There we were in tight black cafes, smoking out our lungs and feeling the stars burn holes in our eyes. We had a few conversations that dragged across the concrete between us, small and meaningless sentences that we would both forget. I remembered I hated you. I remembered I hated myself for loving you. I wanted nothing more than to leave you alone and to get myself walking down that highway towards a new direction in my life, something that would not tie me down anymore.
A beautifully painted limo pulls up on the side of the road. It is something the likes of which I have never seen and the short squat driver calls us over. He shoots sparks of pure terror from behind his eyes, wearing a driver's cap backwards and a black trench coat. He calls to us; he is requesting me, the street painter who is in the paper, to meet his boss, He who paints with Souls of the Living.
I have never heard of such a figure in my notebooks and social squabbling. We get inside with six other people and dash off into the distance.

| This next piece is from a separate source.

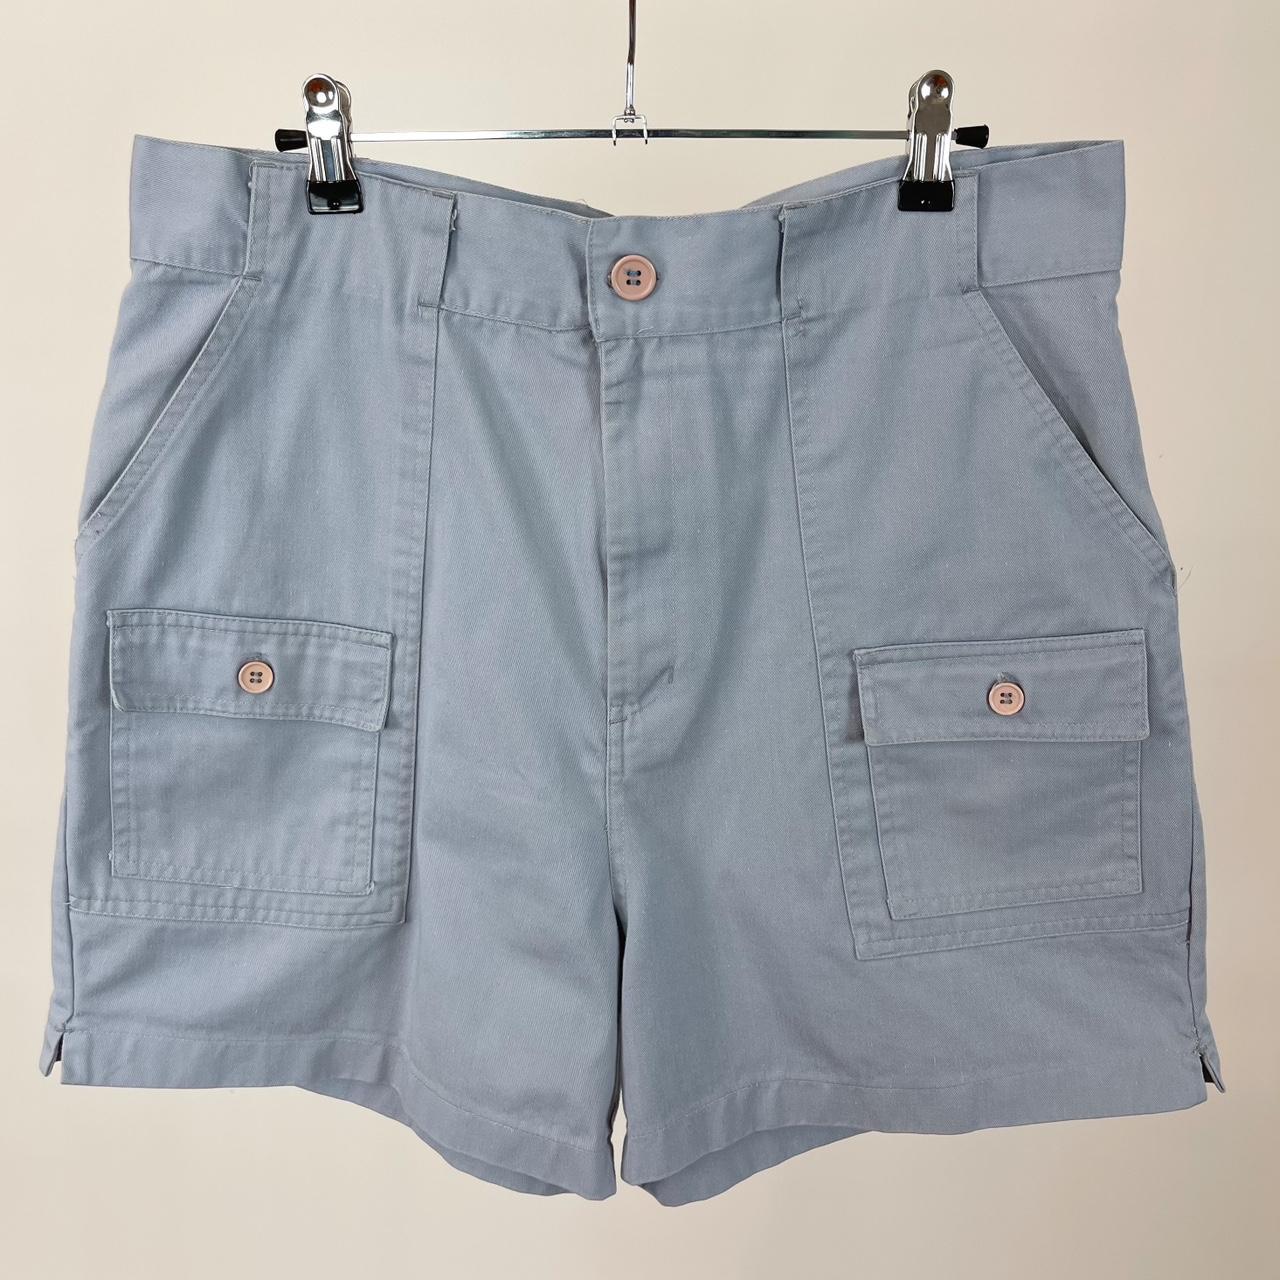 Haband Men's Grey and Blue Shorts | Depop

We pass ghosts in the tunnels at breakneck speed, going faster, past wheat fields, corn mazes, chalk outlined clouds grasping the moonlight. We are on a slick surface, screeching along the guardrail. I get the feeling I am all ran over, going to be sick. I cannot help but sit there motionless, staring at these people all dressed up, waiting to see the one they call He who paints with Souls of the Living.
In one violent moment, we came to a halt, in front of his house in the old rural country. My head is dizzy; I see images of my own heart, hopeless and marred, smoke and flames, tired and abandoned in the heap of the wheat fields. It is a cinema classic playing in my head as I walk through the open doors of the house of He who paints with Souls of the Living with you, and you would not even hold my hand.
One by one, the driver calls in each critic, each fan, and each patiently waiting art collecter to the back room. Once they're called, they do not return. I turn to you and plead that we should leave, but you keep telling me to stop being so selfish and to think of the big picture and then I am the next to go in.
He who paints with Souls of the Living is working at a pristine white desk, with a small watercolour brush in his hands. He does not even glance up from his work, just keeps on working, intricate reds and purples swirling in a stench of blood and flesh.
"The street painter. I have heard many things about you, but I have heard you are not happy at all. Why is that? You paint. You paint to be happy and you must do so even though it may come at great risk or harm to others. Can't you see what I do? Do you think it stops me?"
I see the cat is serious. I stand firm, hands at my side, head straight, shoulders back. I take a deep breath now; I breathe all the way in.
"I am willing to die."
He looks up from his work for the first time: his deep black eyes feel for frostbite in the far thumping of my heart. I see that He is also willing to die.
He puts his head down and goes back to his painting.
He did not glance back at all.
I look past him, see a horrible stain of blood, and flesh trailing from the room in the distance. I take three steps back, then out the door and I did not wait for you to catch up. I ran into that field, heading for the road, searching for the highway through the blurring tears in my eyes.
I am still looking for ghosts on the road that look like streetlights, home lights, helicopters and fire trucks. I cannot seem to find my way back.
I fall into a nearby gutter. I am under a great weight; my eyes are blind and I lie in darkness.